## The problem
Copy the listing exactly, please, and keep every picture out of it.

## Supplied data

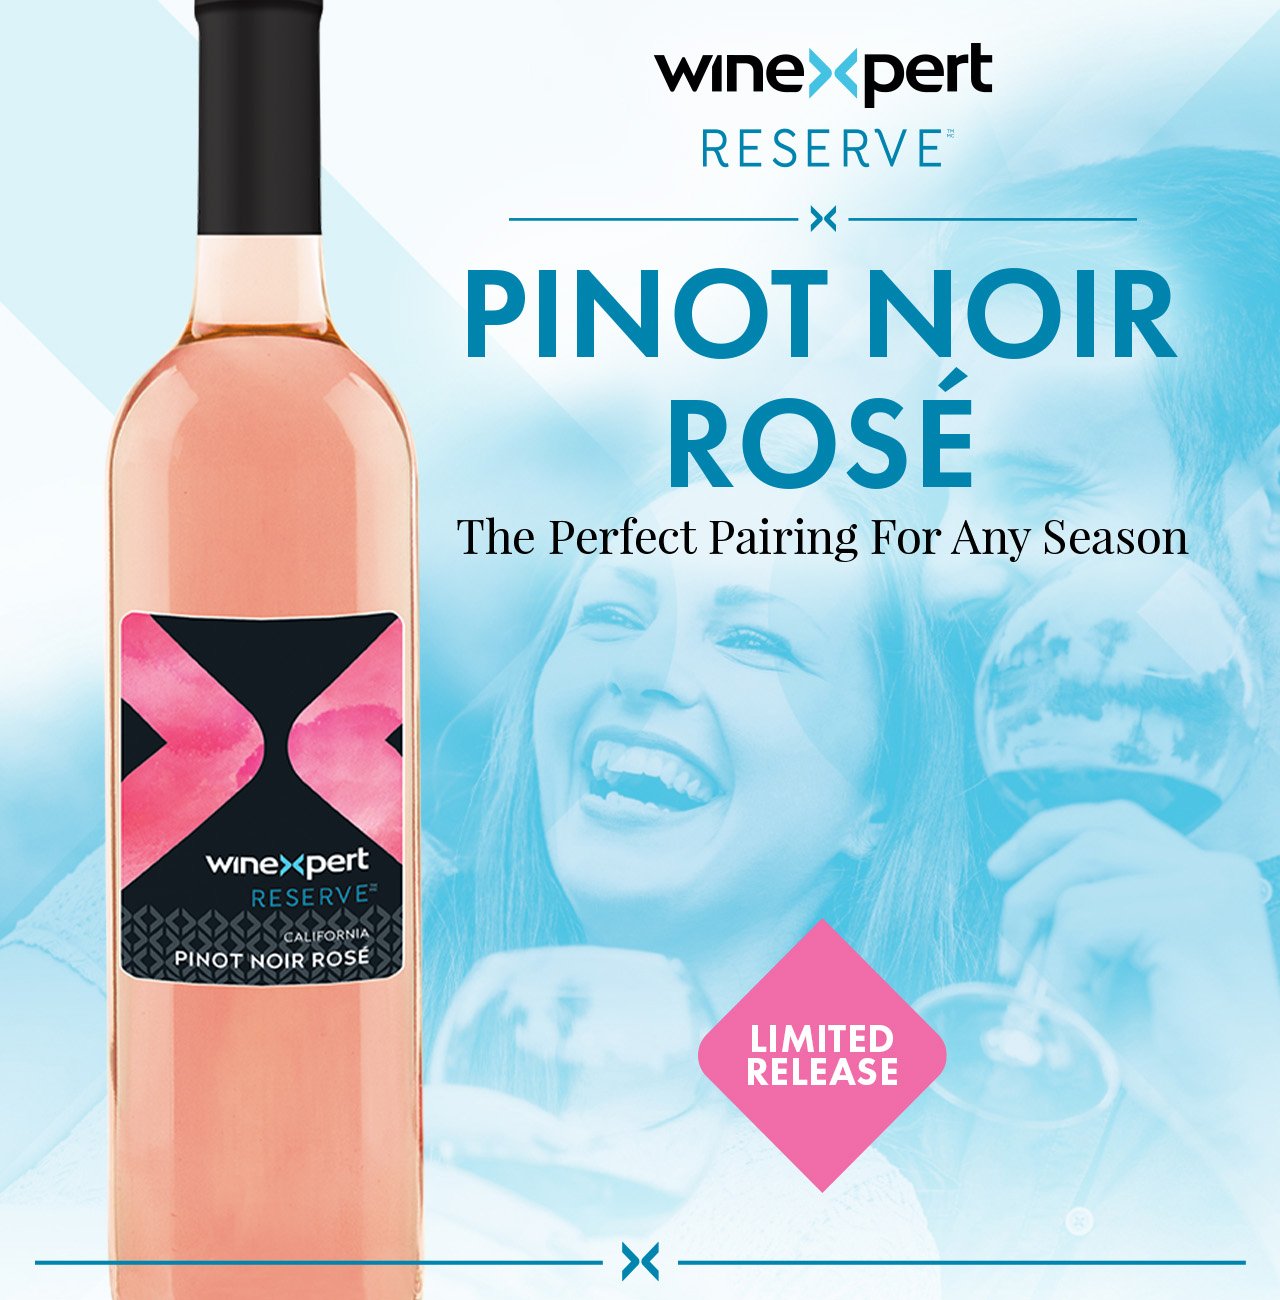 Winexpert Reserve Pinot Noir Rose The Perfect Pairing For Any Season. Limited Release
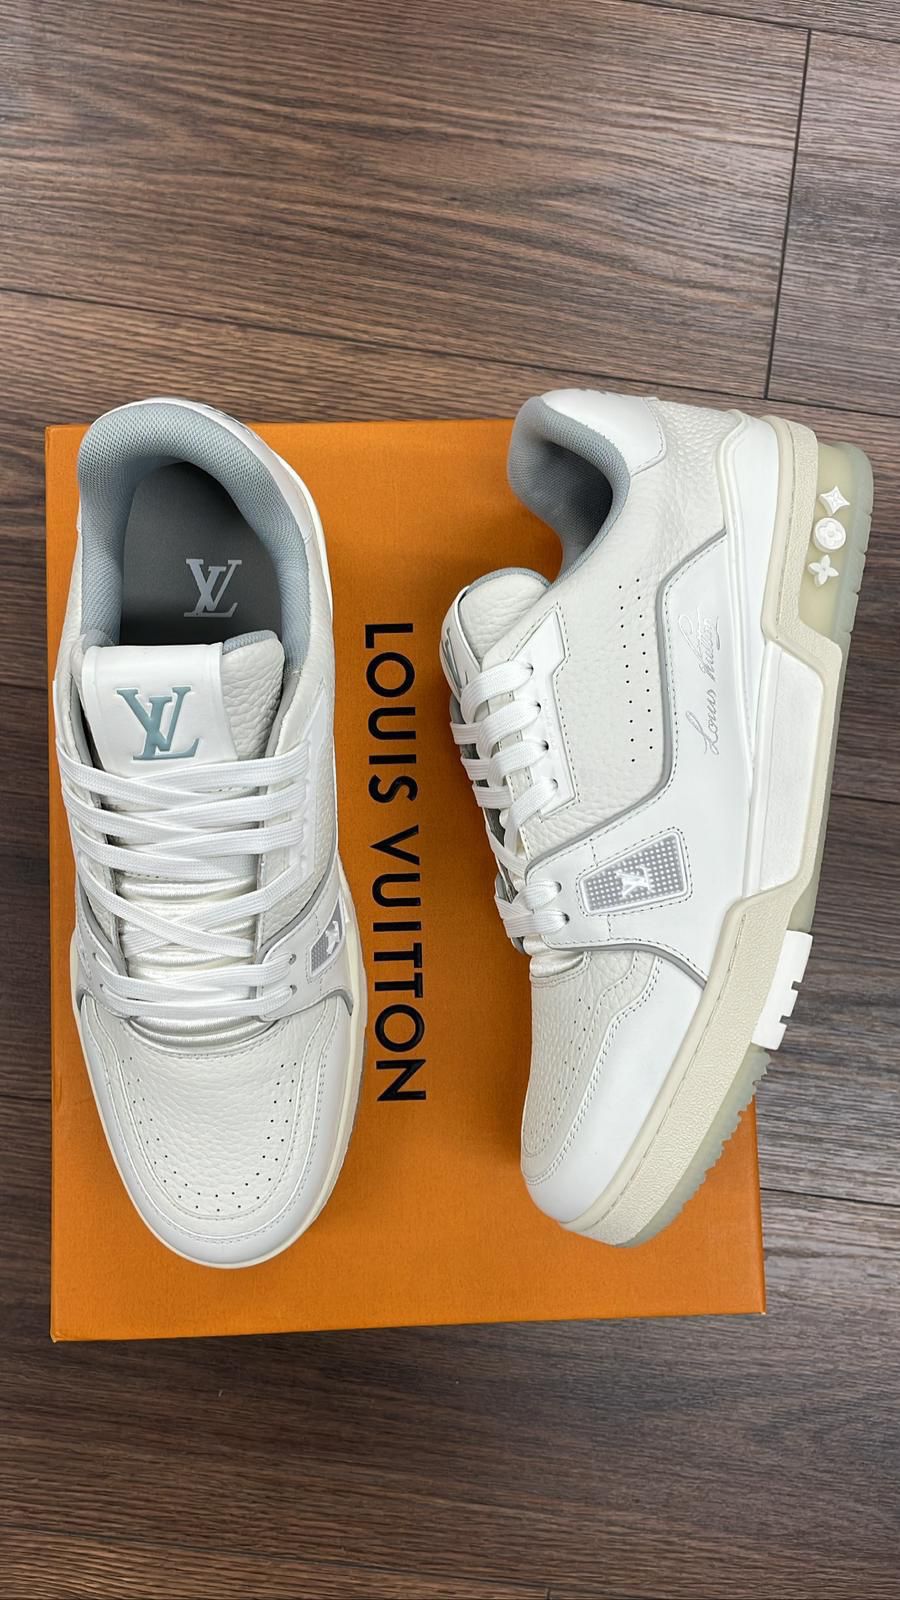 Black Louis Vuitton Luxembourg Sneaker S9 for Sale in New York, NY - OfferUp
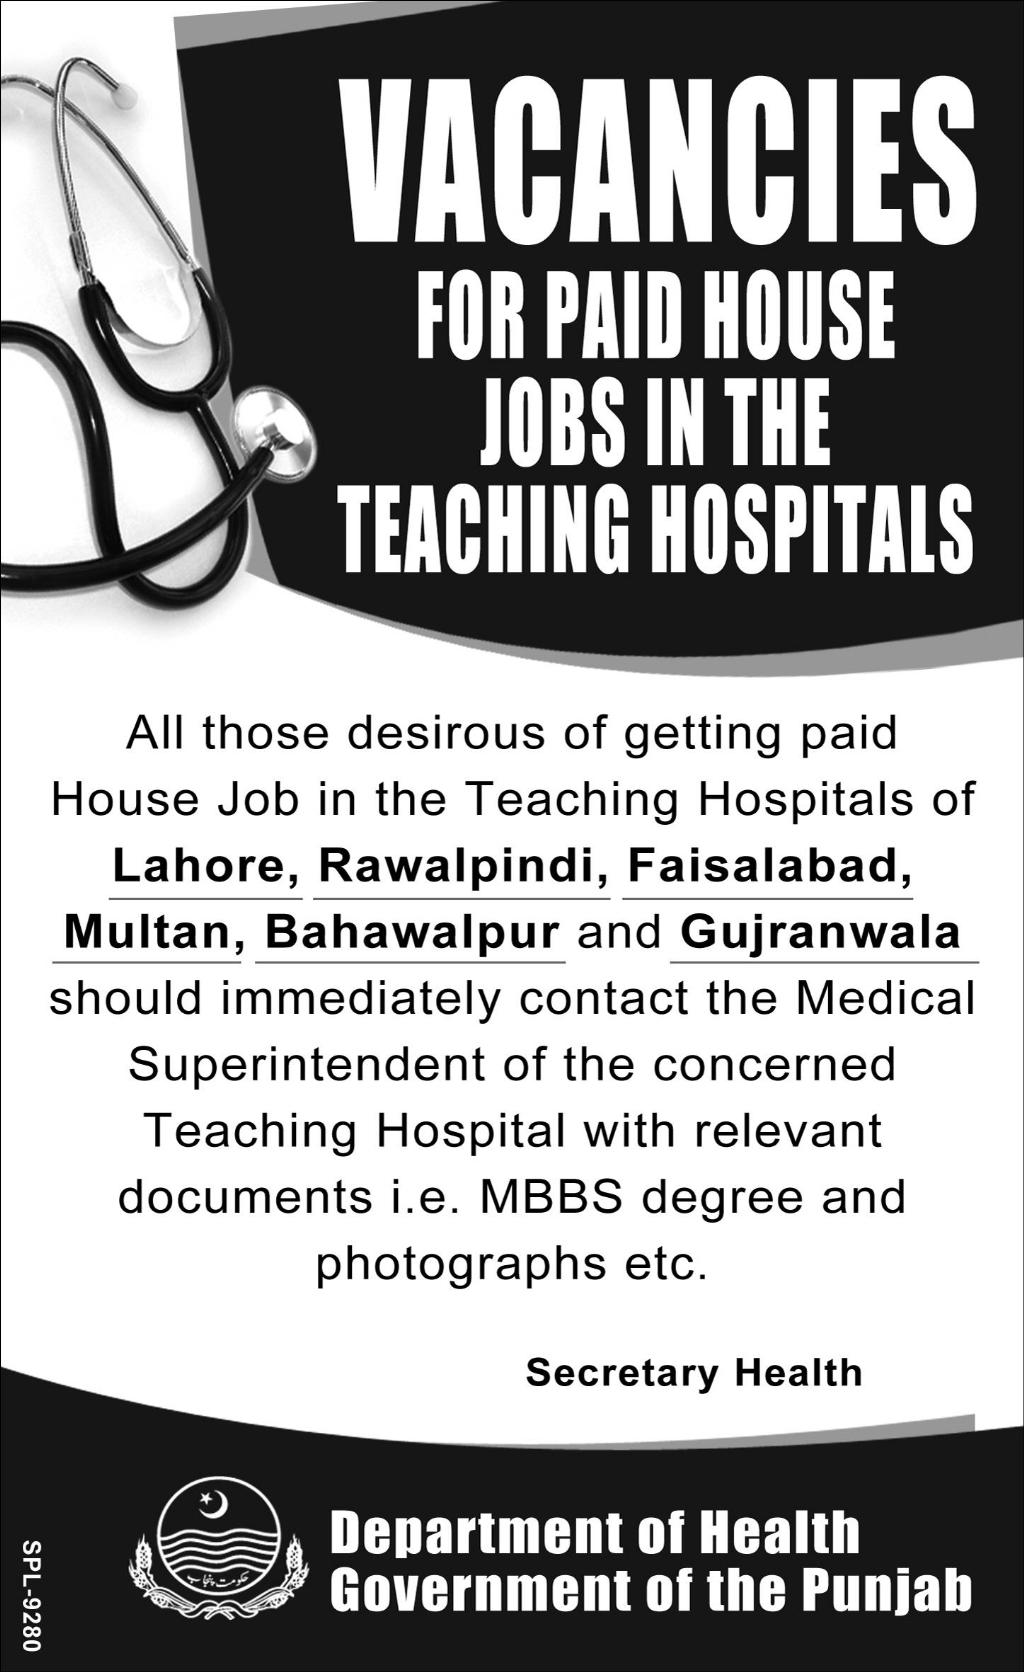 Vacancies for Paid House Jobs in the Teaching Hospitals
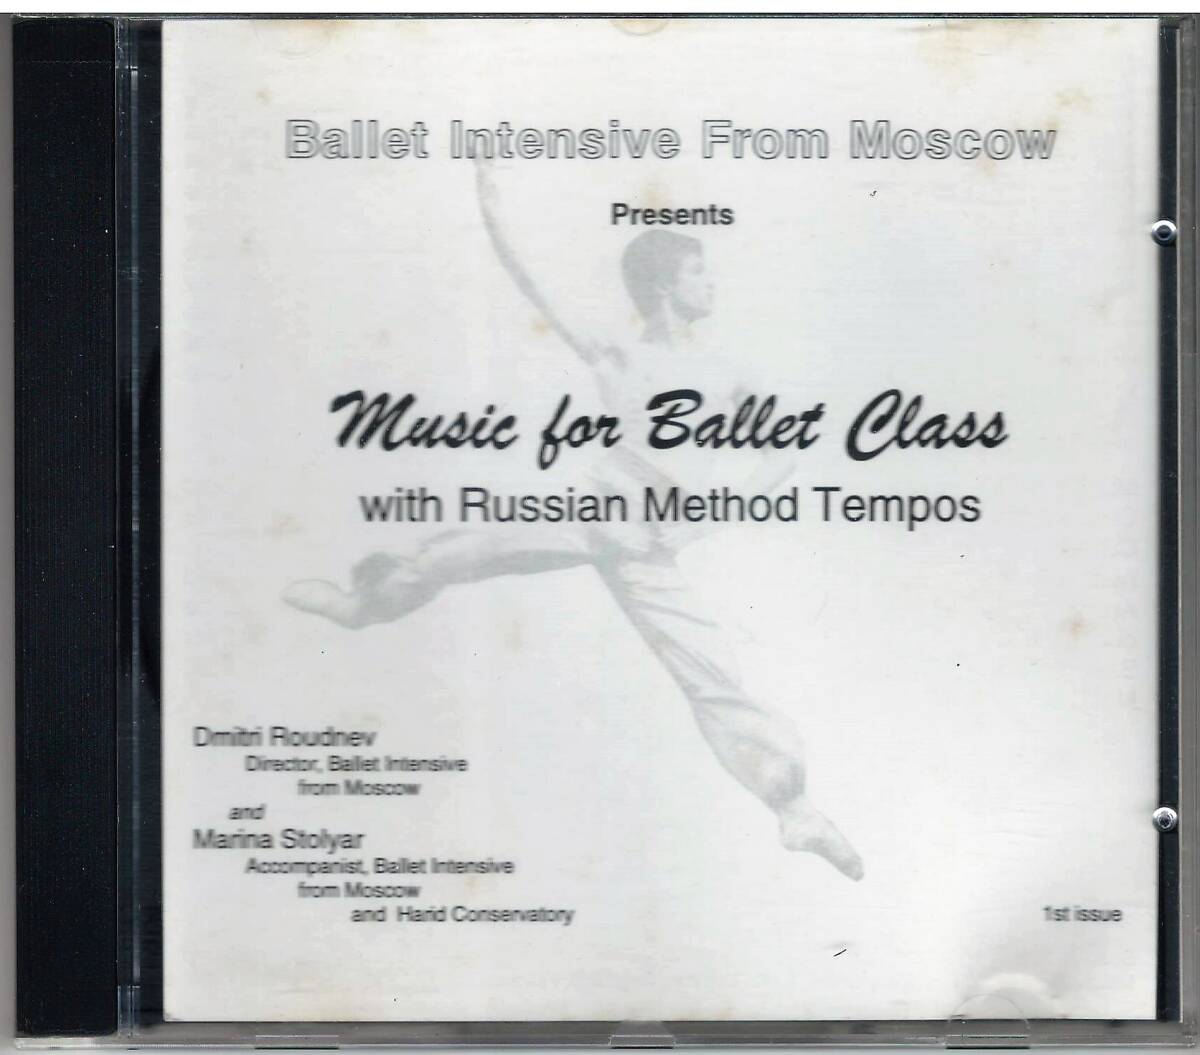 Dmitri Roudnev & Marina Stolyar「Ballet Intensive From Moscow Beautiful Class Music 1st Edition」バレエレッスン CD 送料込の画像1

## Your response
 Winexpert Reserve Pinot Noir Rose The Perfect Pairing For Any Season. Limited Release
 Black Louis Vuitton Luxembourg Sneaker S9 for Sale in New York, NY - OfferUp
 Vacancies for Paid House Jobs in the Teaching Hospitals
 Dmitri Roudnev & Marina Stolyar「Ballet Intensive From Moscow Beautiful Class Music 1st Edition」バレエレッスン CD 送料込の画像1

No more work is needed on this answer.